* **Recorded information**
──────

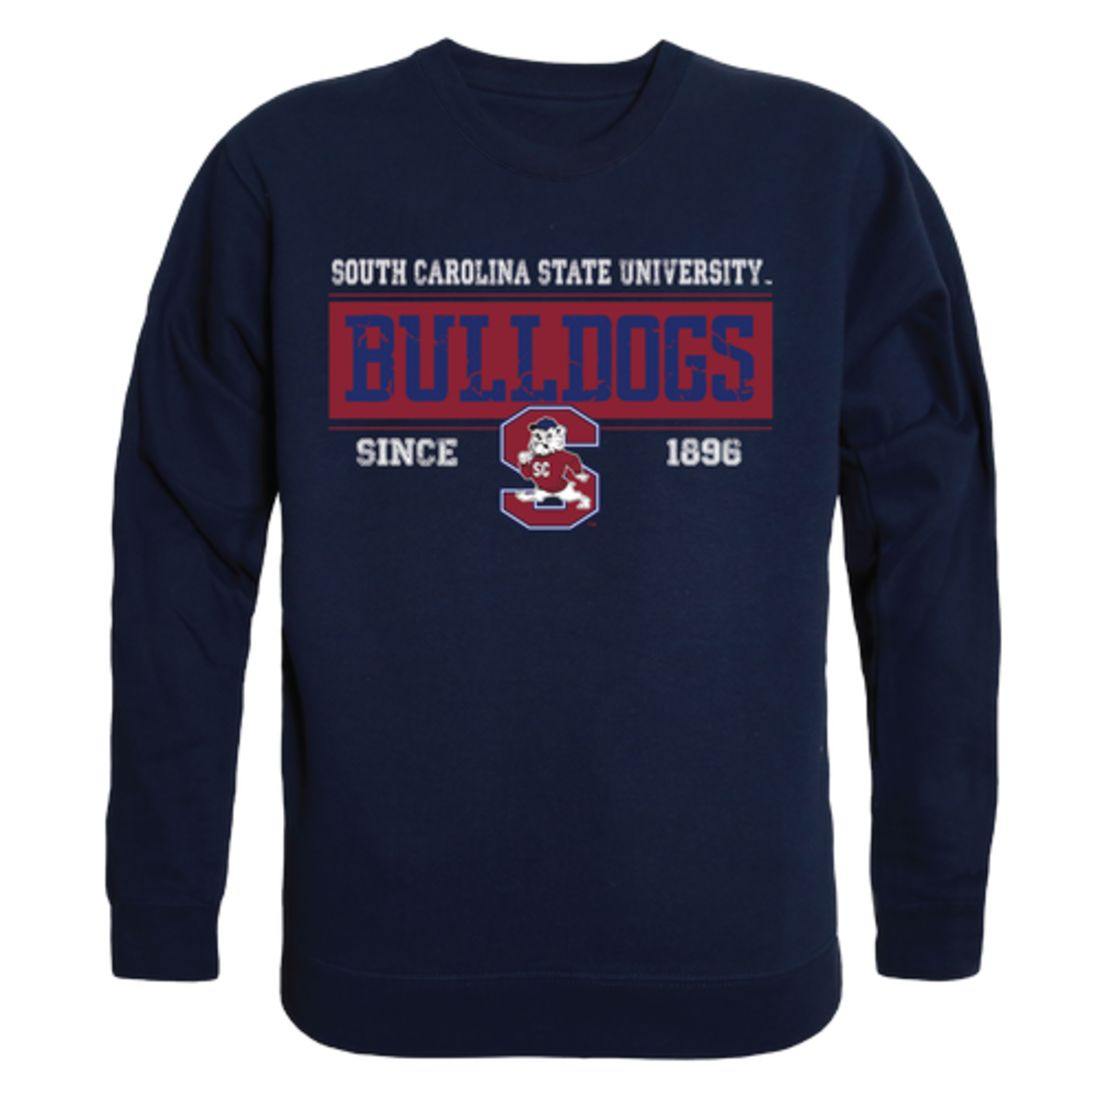 South Carolina State University Bulldogs Established Crewneck Pullover Sweatshirt Sweater Navy-Campus-Wardrobe
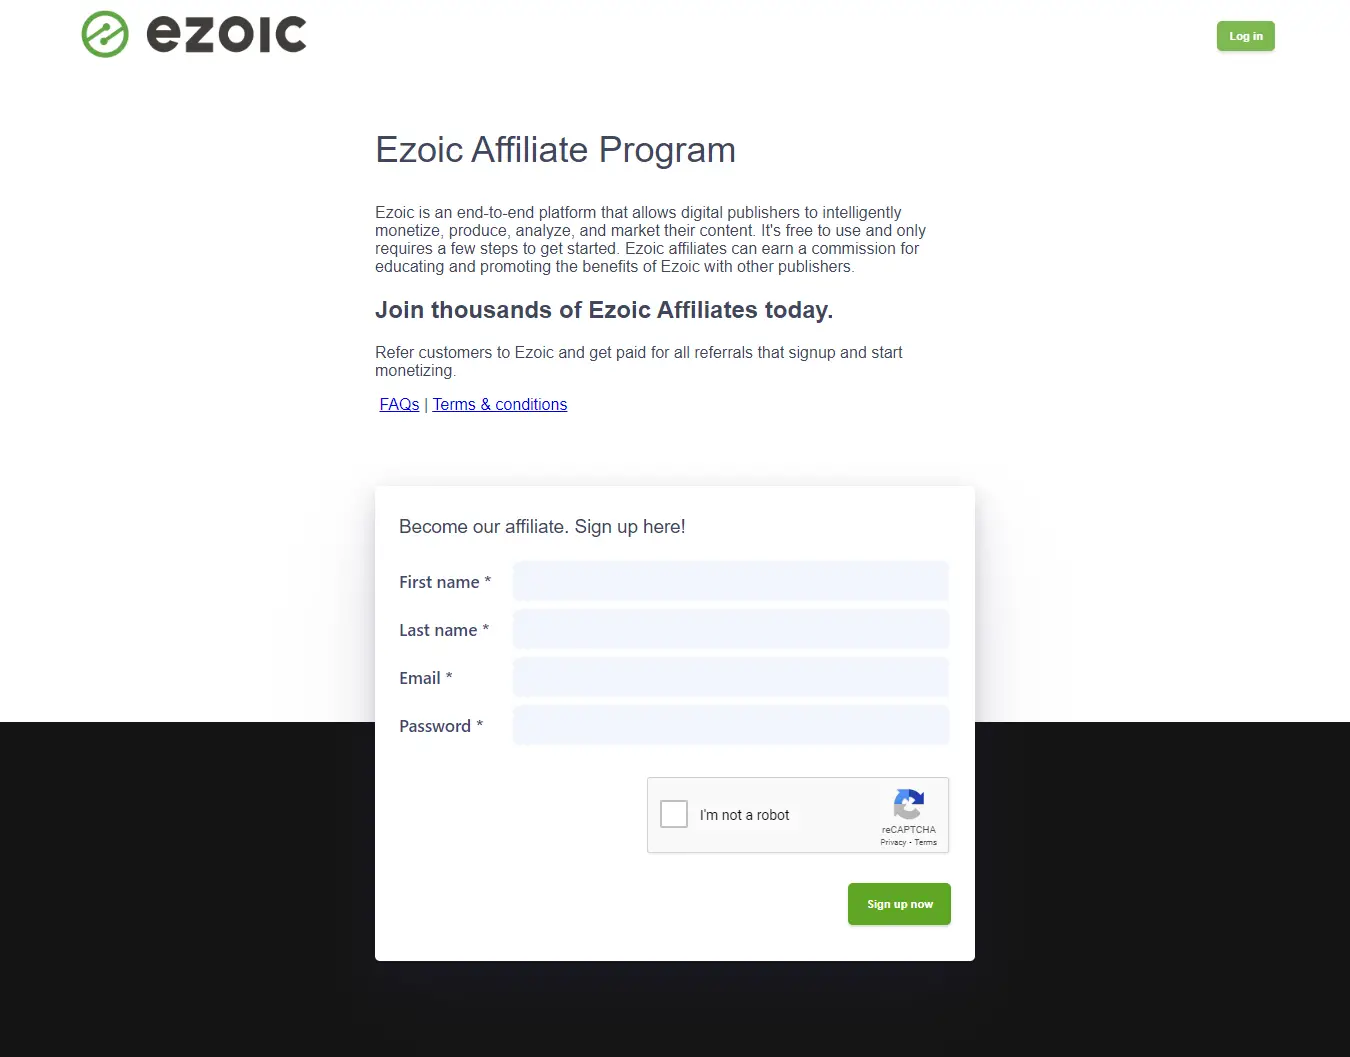 How to join ezoic affiliate program
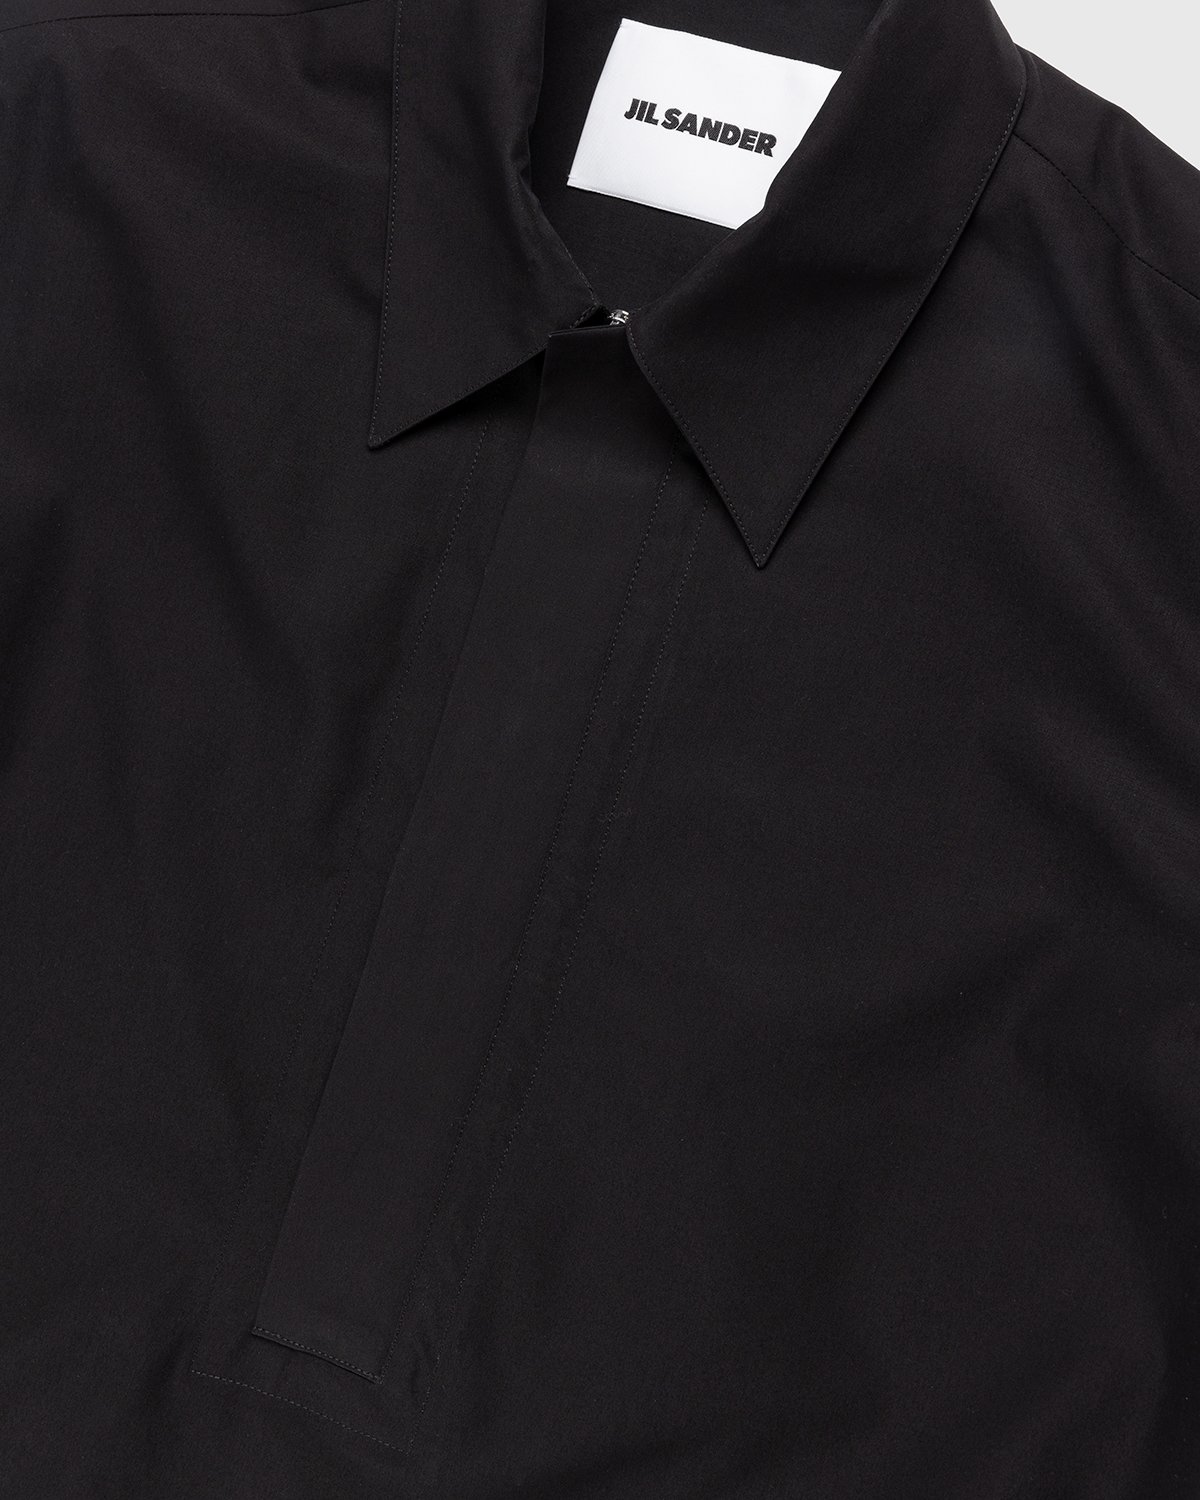 Jil Sander - Two-Tone Diagonal Cut Shirt Black/Green - Clothing - Green - Image 7
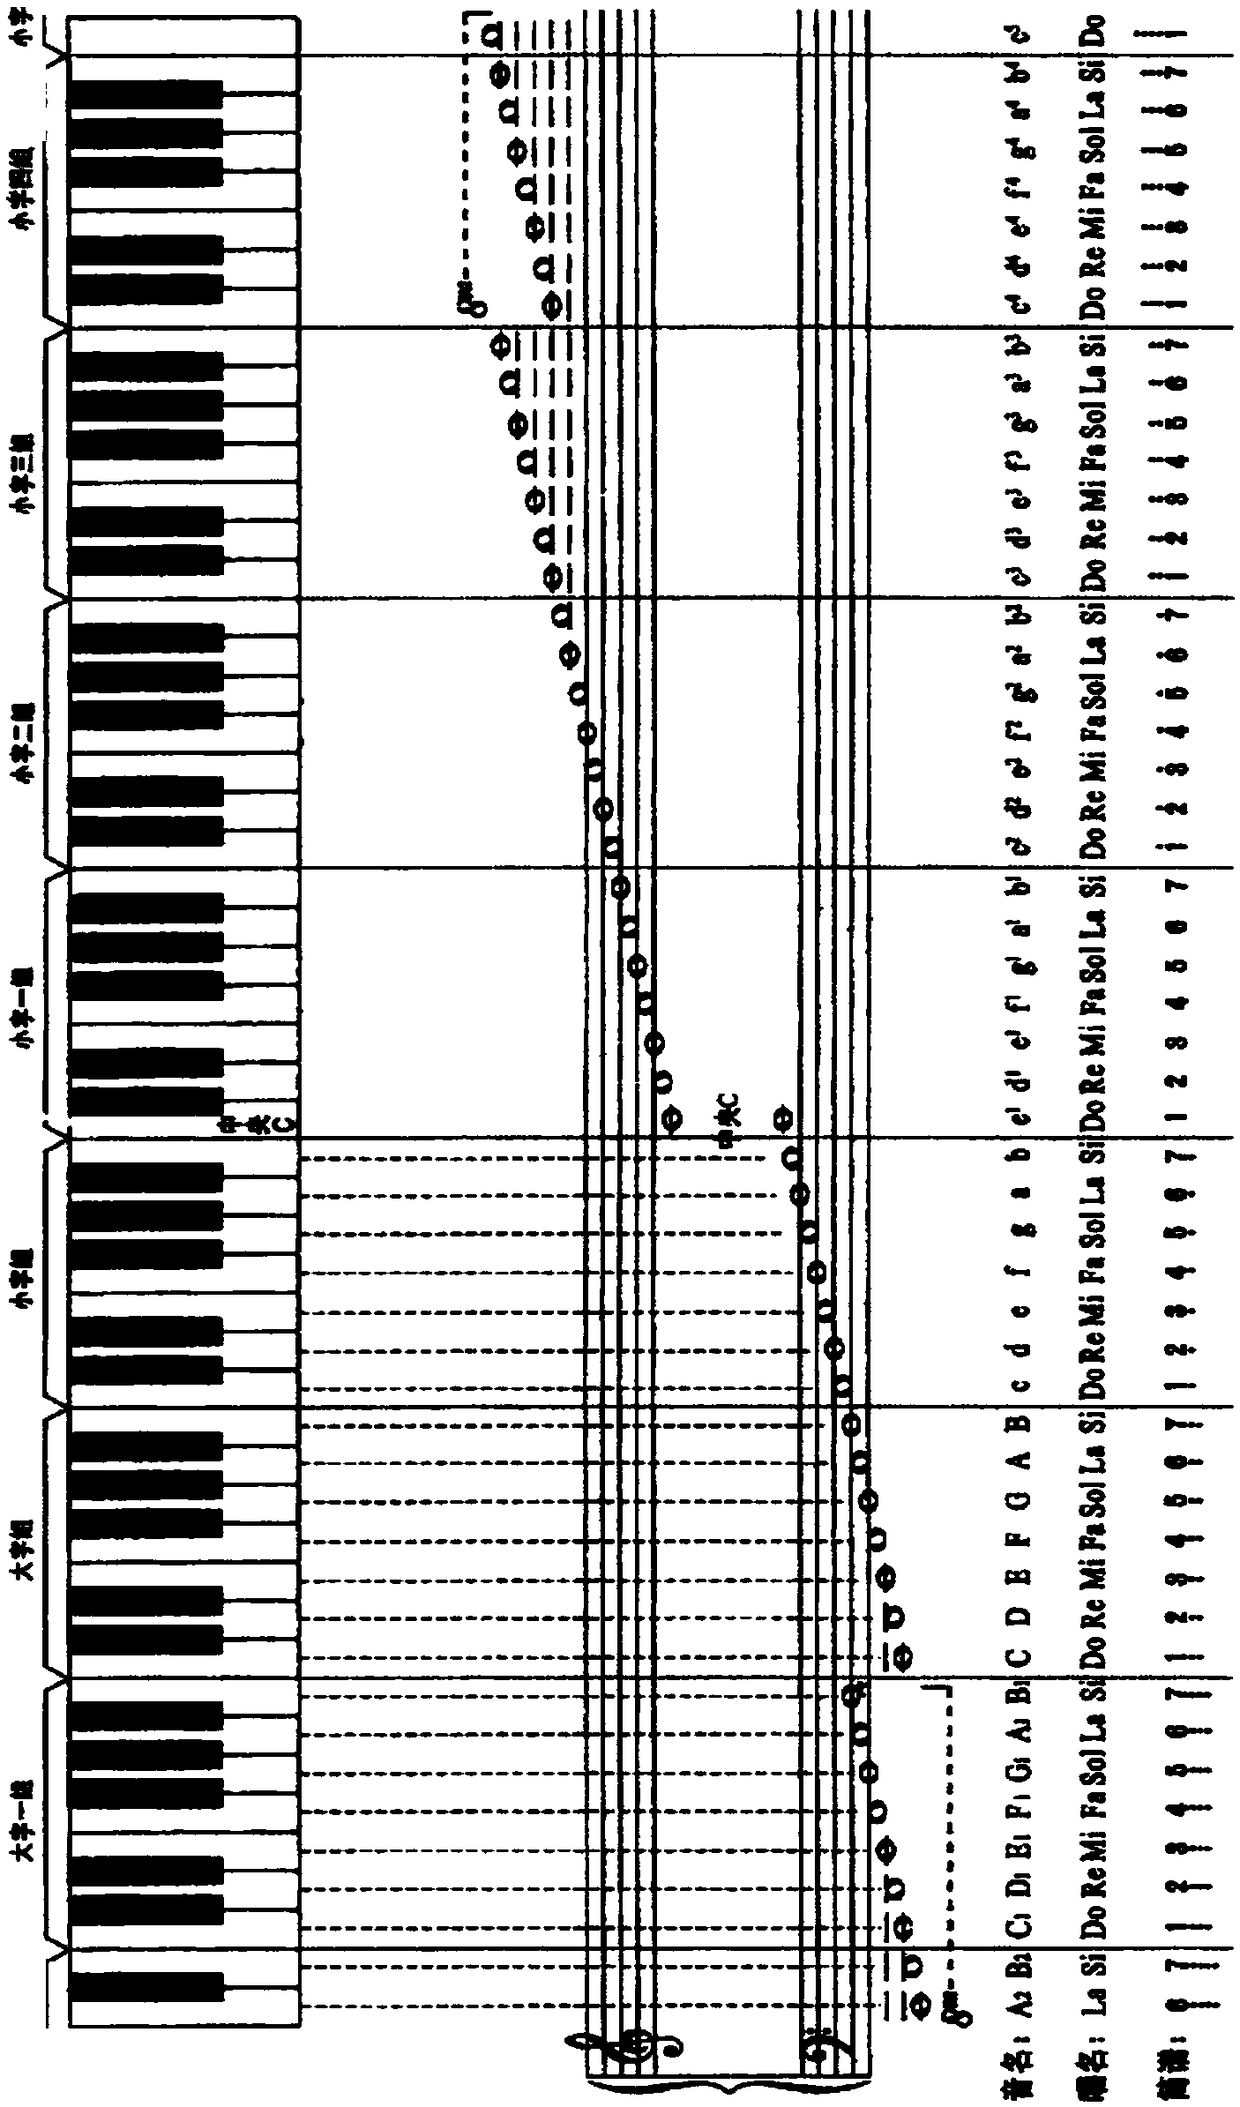 Piano keyboard, notation method and music score

──────

* **Task item**
Type out the data above again exactly as written, minus the images.

* **Output for this task**
 South Carolina State University Bulldogs Established Crewneck Pullover Sweatshirt Sweater Navy-Campus-Wardrobe
 How to join ezoic affiliate program
 Jil Sander - Two-Tone Diagonal Cut Shirt Black/Green - Clothing - Green - Image 7
 Piano keyboard, notation method and music score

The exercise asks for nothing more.